Мы с Михаилом, моим будущим мужем, едем к моей маме. Знакомиться.
Смотрины так сказать. Уже пора – сколько можно тянуть: мы больше года вместе и собираемся пожениться.
Нарядный Миша едет вливаться в новую семью, в руках у него букет гладиолусов, в мыслях – предвкушение оливье. Он ни капельки не волнуется. Потому что он никому не пытается нравиться.
Сейчас это качество меня восхищает — я считаю его маркером глубинной самодостаточности. Но тогда я дико переживала, кусала губы, потела от ужаса и чесалась от нервной экземы.
Мнение мамы в тот период было критично важно для меня, ее постулаты — не прирекаемы, ее уроки жизни спускались сверху как заповеди на скрижалях, и неудачный исход грядущего мероприятия мог здорово покалечить наше будущее. Я это знала, а Миша — нет. Его забавляло моё волнение.
Он, распираемый позитивом, и не подозревал, что самим фактом своего наличия в моей жизни представлял одну большую проблему для моей матери: она растила себе помощницу, умницу-дочку, бантики-борщи-пятёрки, а какой-то ушлый студентик с широкими бровями и с букетом аляповатых гладиолусов пришёл на готовенькое, и собирается сожрать все вишни на торте. Ага, щас.
К нашему приезду мама накрыла стол, принарядила в стиранное-глаженое по чистой случайности трезвого отца и позвала соседей. Понятых, так сказать. Свидетелей, так сказать, Иеговы. В роли Иеговы – понятно кто.
Это был звездный час моей мамы: за ее товаром явился купец, и нужно было красиво выпроводить его вон при зрителях или – при худшем развитии событий — впарить ему товар подороже.
Миша не подозревал о грядущей афере, хохмил в привычной манере и как ему казалось незаметно таскал со стола маринованное огурцы.
Наконец, расселись. Миша встал и сказал тост «За великолепную хозяйку этого прекрасного дома!» Он не любит и не умеет говорить тосты, но этот был отрепетирован.
Мама опустила глаза. Всем своим видом она демонстрировала согласие: «Да, что есть – то есть. Дом – прекрасен, хозяйка – великолепна».
Картину великолепия слегка портил папаша, который хряпнул коньяка из припрятанной про запас бутылки, и теперь активно ворошил салаты, укрощая зверский аппетит.
Мама встала, собираясь сказать ответный тост.

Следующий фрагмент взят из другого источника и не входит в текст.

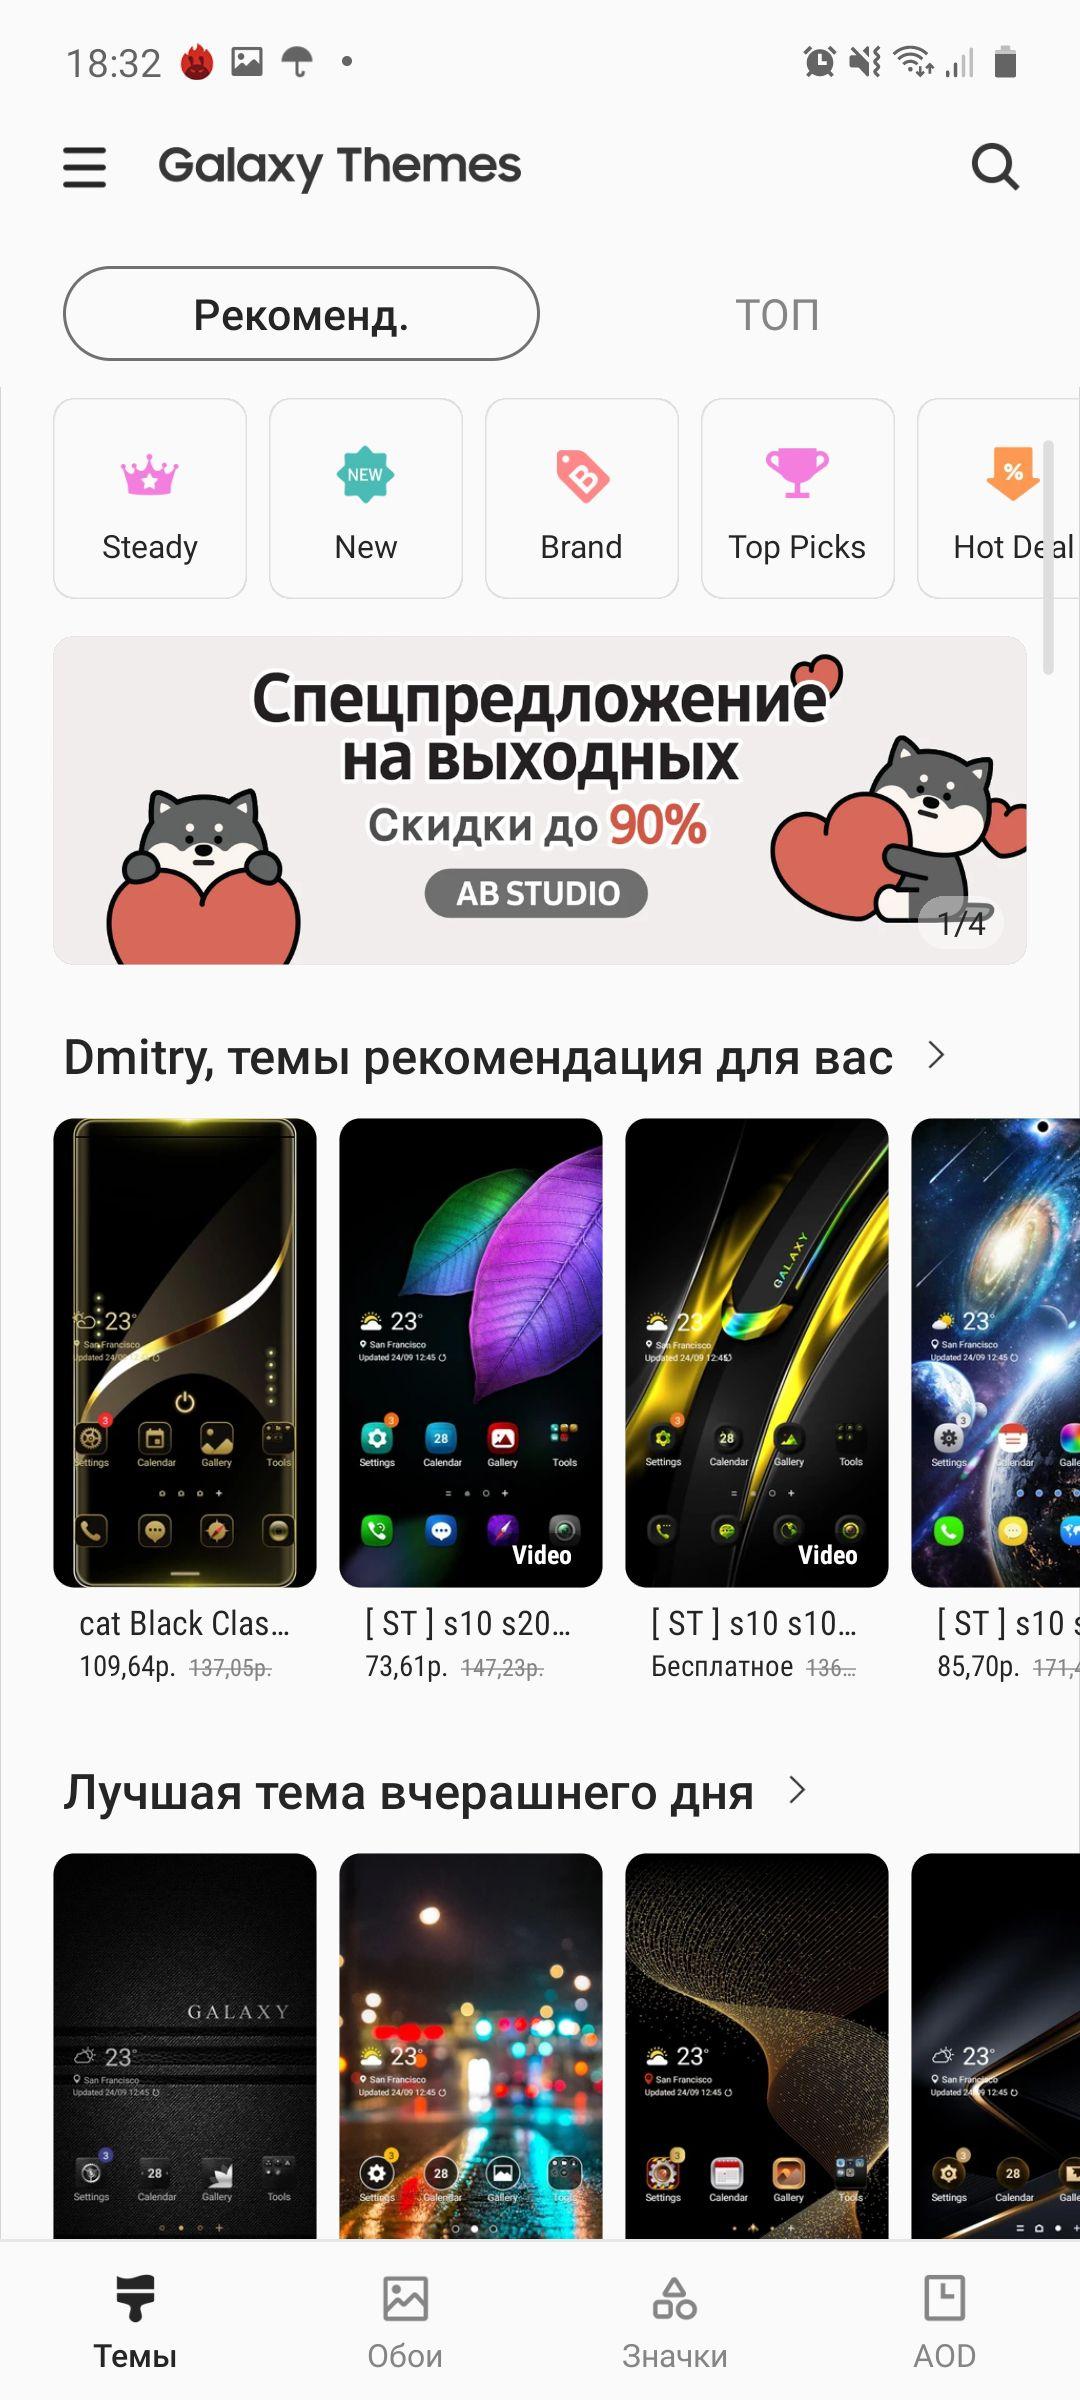 Обзор Samsung Galaxy A71: завышенный середнячок Samsung  - obzor_samsung_galaxy_a71_overprajsnutyj_serednak_picture26_26

За столом воцарилась тишина.
— Михаил, — начала мама подрагивающим голосом. – Мы все знаем повод, по которому собрались. Я хочу сказать, что Оля — прекрасная девушка. Она умна, красива и талантлива. Этого у нее не отнять…
— Отниииииимем, — весело пообещал Миша, зачерпнув оливье из общей тарелки. Я с трудом сдержала смешок.
Мама, слегка опешив, натянуто улыбнулась и продолжила.
— …Иногда она, конечно, вспыльчива, но благоразумие всегда берет верх…
— Тогда я беру низ, — объявил Миша и залился смехом, радуясь своей шутке.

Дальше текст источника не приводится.